Sunday, November 10, 2002 |
04:40 - Misunderestimating Bush
http://www.capitalistlion.com/article.cgi?127
|
(top) |
Earlier this week, Tim Blair made the oft-since-quoted remark:
Thus far, the reputed idiot Bush has graduated from Yale and Harvard, made a stack of cash in the oil industry, become the first consecutive-term governor of Texas, defeated a dual-term VP for the Presidency, and led his party to yesterday's extraordinary triumphs. Let his opponents keep calling him stupid; if they do, within five years Bush will be King of England, the Pope, and world Formula One motor racing champion.
CapLion has an expansion on this, as do a number of other people from blog to blog.
Bush is not Dumb. Oh no. He is by far one of the most crafty, intelligent politicians of his time. Anyone, which is to say most everyone, who underestimates him is in for surprise after surprise.
Bush knows people think he's the dim bulb in the drawer, and he's using that to a downright amazing advantage at every twist. Remarkable.
I've been wary of the malapropisms-as-proof-of-stupidity thing since 2000, because they seemed to exhibit a major distinction from those of (for instance) Quayle: Quayle's stemmed from a kind of willful ignorance, a seeming goat-skulled insistence on focusing the theses of so many speeches directly on some outrageously incorrect claim or assumption. What a terrible thing it is to lose one's mind.

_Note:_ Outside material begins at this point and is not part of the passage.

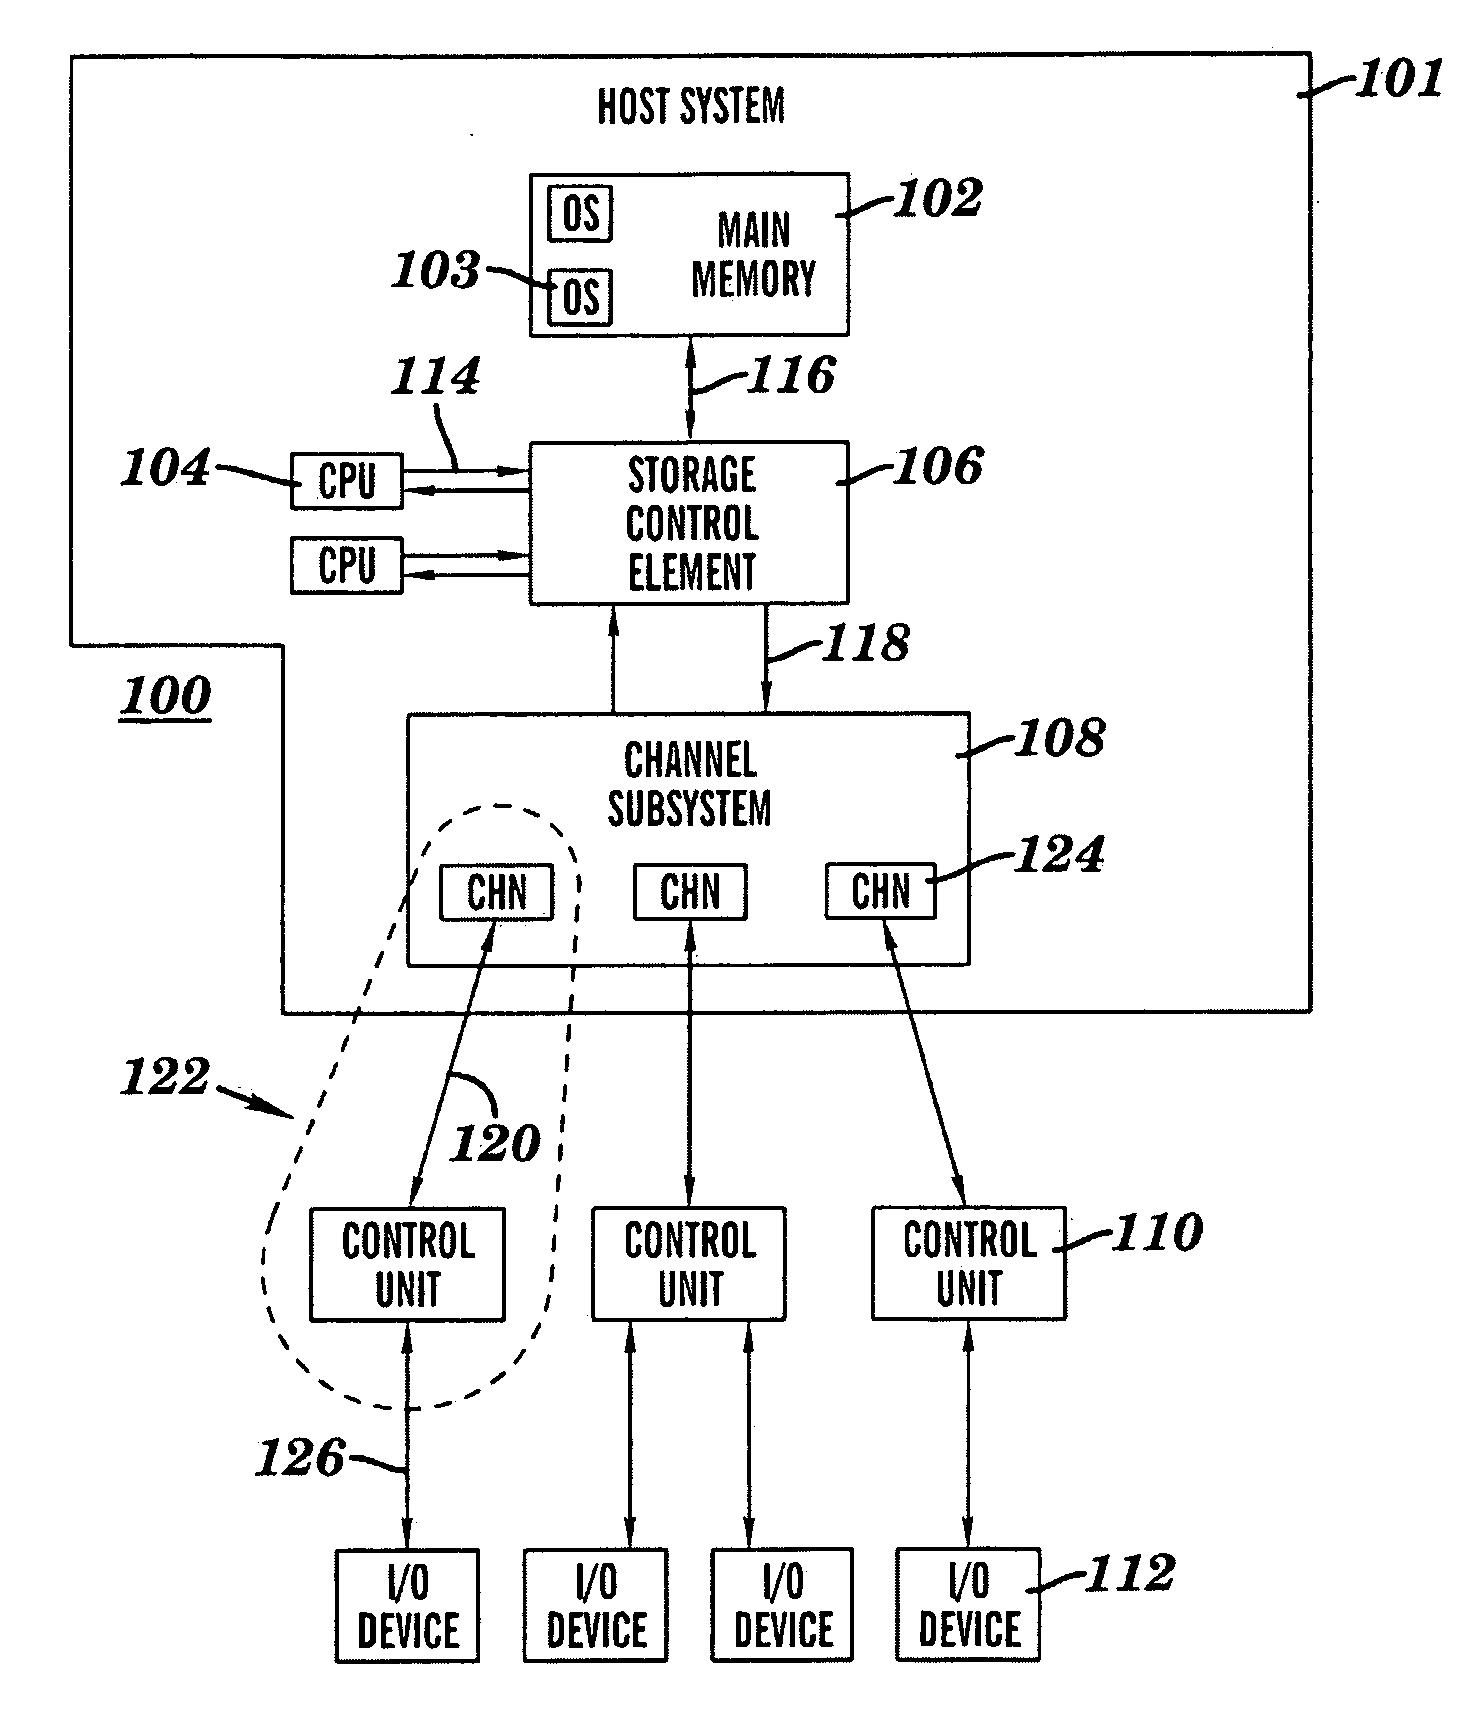 Computer command and response for determining the state of an I/O operation
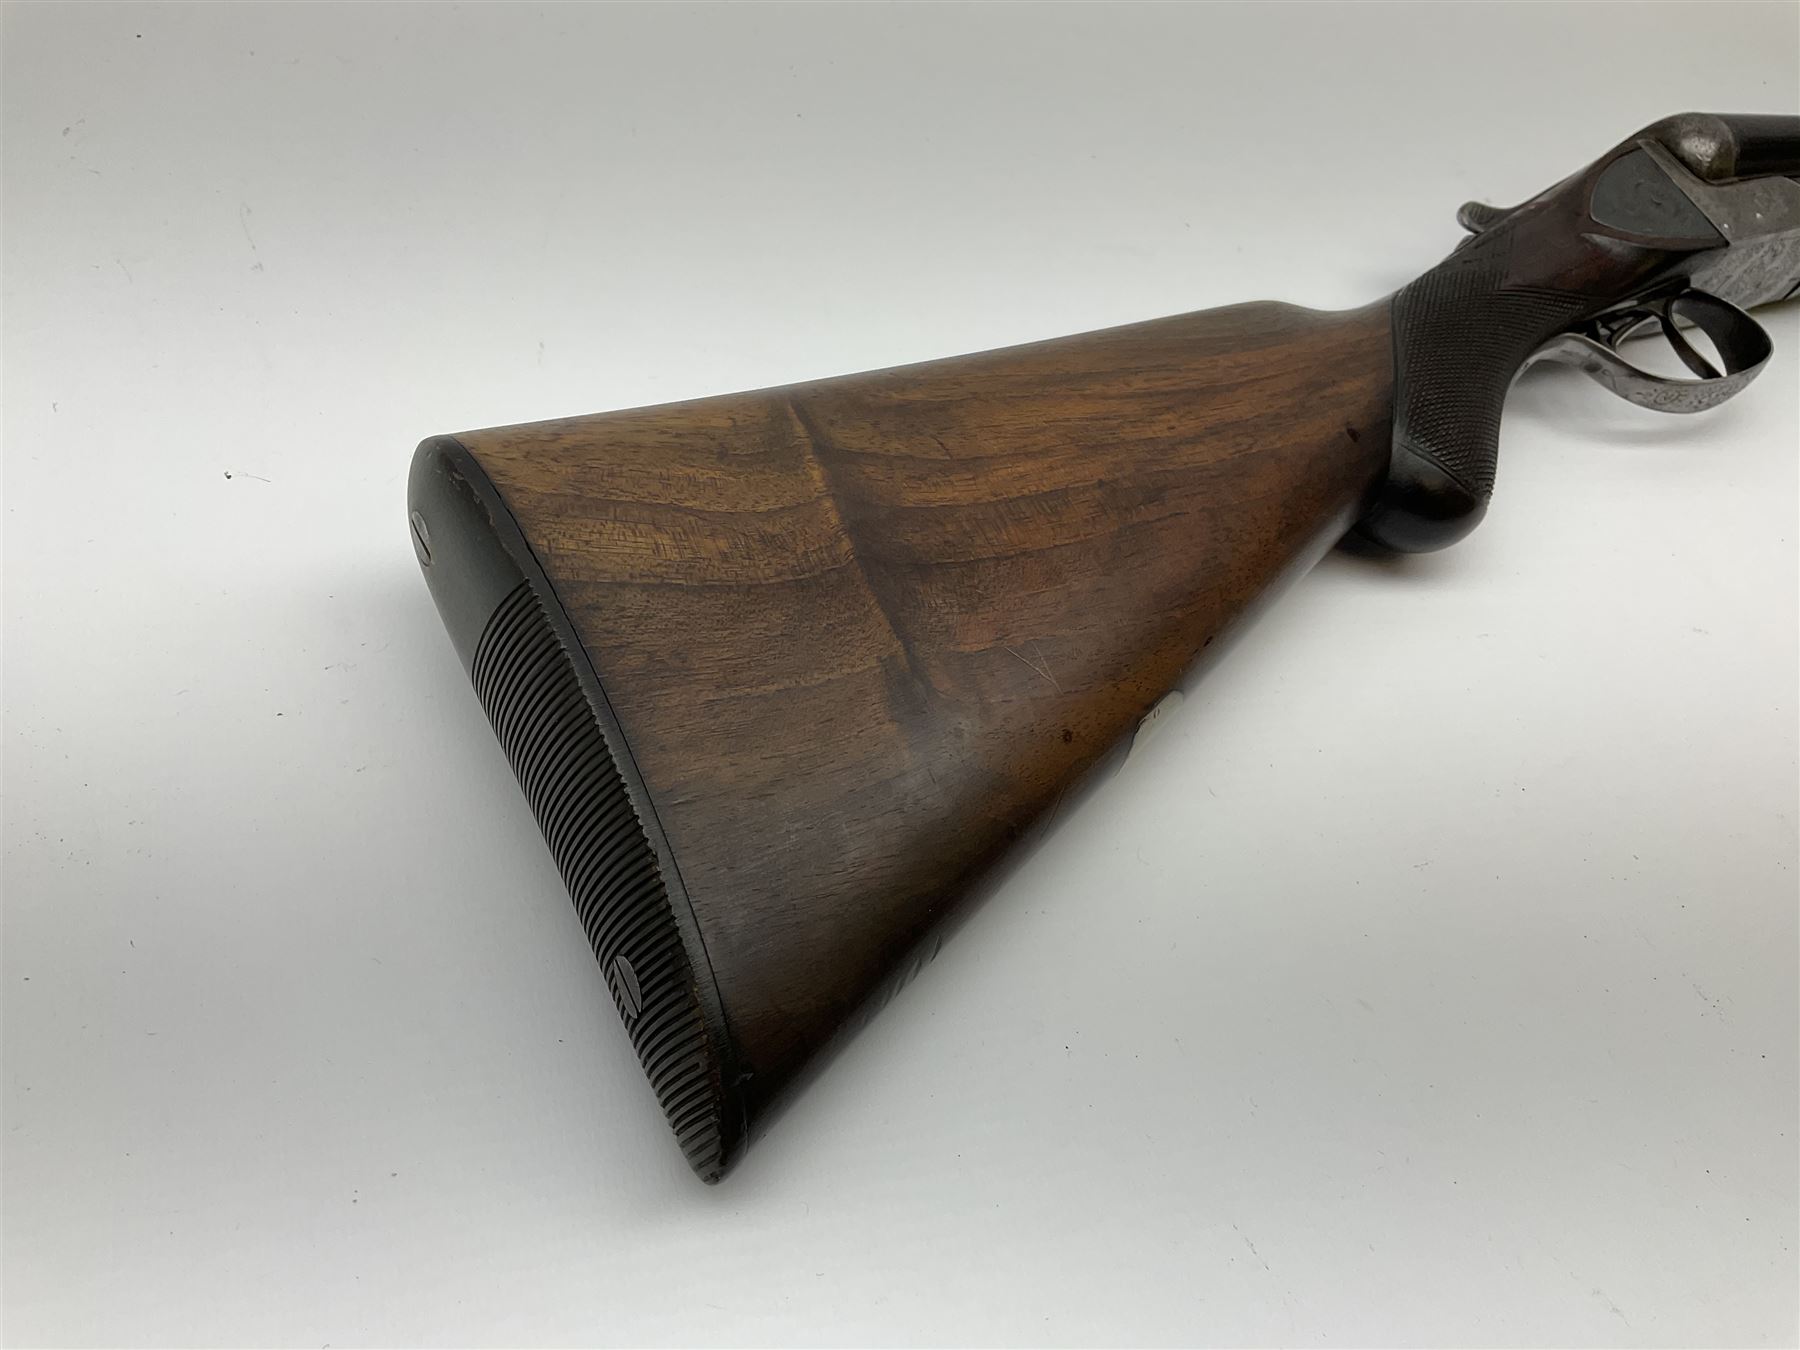 Belgian 12-bore side-by-side double barrel boxlock ejector sporting gun with dummy sidelock plates - Image 2 of 10

But Bush's stumblings are more like stuttering. One's mind and mouth travel at slightly different speeds, and the result is a missed shift here and there. I know first-hand that this kind of poor verbal footing is not indicative of lacking mental capacity; I have close friends whose minds, among the most agile I've ever run across, are masked by unfortunately poorly-tuned speech machinery. I know better than to ignore the thoughts in question just because they aren't being delivered with the teflon texture of an Oxford don.
Actions and accomplishments speak reams, and I think those who continue to ridicule Bush for his podium presence alone-- which oddly enough don't even include Matt and Trey (That's My Bush never seemed to play on this aspect of the president's persona)-- are themselves going to look sillier and sillier as time goes on.